(1915–1916)
180
Хорошо в вечеру, при лампадке,
Хорошо в вечеру, при лампадке,
Погрустить и поплакать втишок,
Из резной, низколобой укладки
Недовязанный вынуть чулок.
Ненаедою-гостем за кружкой
Усадить на лежанку кота,
И следить, как лучи над опушкой
Догорают виденьем креста,
Как бредет позад дремлющих гумен,
Оступаясь, лохмотница-мгла…
Все по старому: дед, как игумен,
Спит лохань и притихла метла.
Лишь чулок, как на отмели верши,
И с котом раздружился клубок.
Есть примета: где милый умерший,
Там пустует кольцо иль чулок,
Там божничные сумерки строже,
Дед безмолвен, провидя судьбу,
Глубже взор и морщины… О Боже —
Завтра год, как родная в гробу!
(1914)
181
Заблудилось солнышко в корбах темнохвойных,
Заблудилось солнышко в корбах темнохвойных,
Износило лапчатый золотой стихарь:
Не бежит ли красное от людей разбойных,
Не от злых ли кроется в сутемень да в марь.

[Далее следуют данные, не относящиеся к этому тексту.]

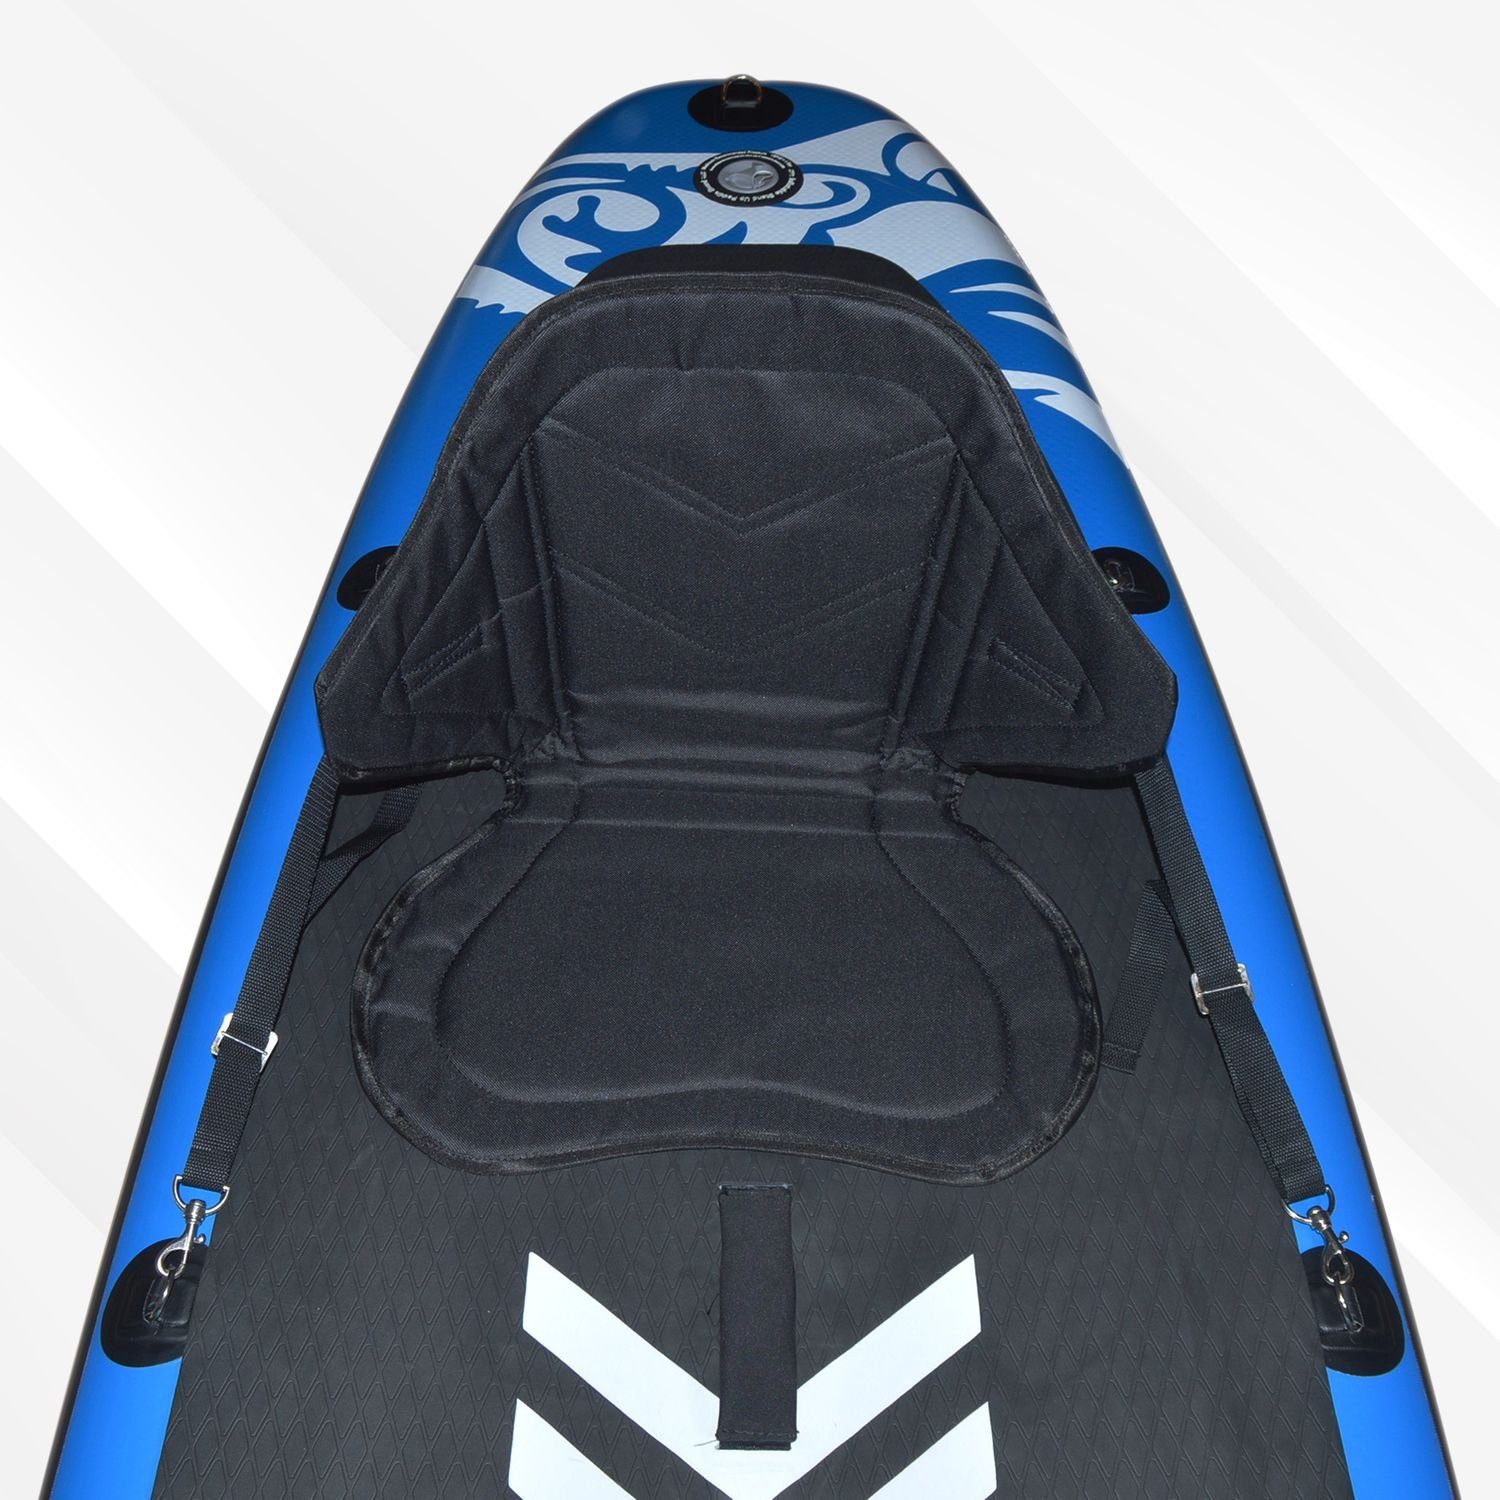 einsetzbar variabel integrierter elastisch (verstellbare für Gurtbänder Boards, SUP-Rückenlehne und 24Move Sitz universal, gepolstert Paddle SUP Kajak Tasche),

Али корба хвойная с бубенцами шишек,
С рушниками-зорями просини милей,
Красики с волвянками слаще звездных пышек
И громов размычливей гомон журавлей?
Эво, на валежине, словно угли в жарнике,
Половеет лапчатый золотой стихарь…
Потянули за море витлюки-комарники,
Нижет перелесица бляшки да янтарь.
Сядь, моя жалобная, в сарафане сборчатом,
В камчатом накоснике за послушный лен, —
Постучится солнышко под оконцем створчатым —
Шлет-де вестку матушка с Тутошних сторон:
Мы в ответ: радехоньки говору то-светному,
Ходоку от маминой праведной души,
Здынься по крылечику к жарнику приветному,
От росы да мокрети лапти обсуши!
Полыхнувши золотом, прянет гость в предызбицу,
Краснобайной сказкою пряху улестит.
Как игумен в куколе, вечер, взяв кадильницу,
Складню рощ финифтяных ладаном кадит.
В домовище матушка… Пасмурной округою
Водит мглу незрячую поводырка-жуть,
И в рогожном кузове, словно поп за ругою,
В Сторону то-светную солнце правит путь.
(1915)
182
От сутемок до звезд, и от звезд до зари
От сутемок до звезд, и от звезд до зари
Бель бересты, зыбь хвои и смолы янтари,
Перекличка гагар, вод дремучая дремь,
И в избе, как в дупле, рудо-пегая темь,
От ловушек и шкур лисий таежный дух,
За оконцем туман, словно гагачий пух,
Журавлиный пролет, ропот ливня вдали,
Над поморьем лесов облаков корабли,
Над избою кресты благосенных вершин…
Спят в земле дед и мать, я в потемках один.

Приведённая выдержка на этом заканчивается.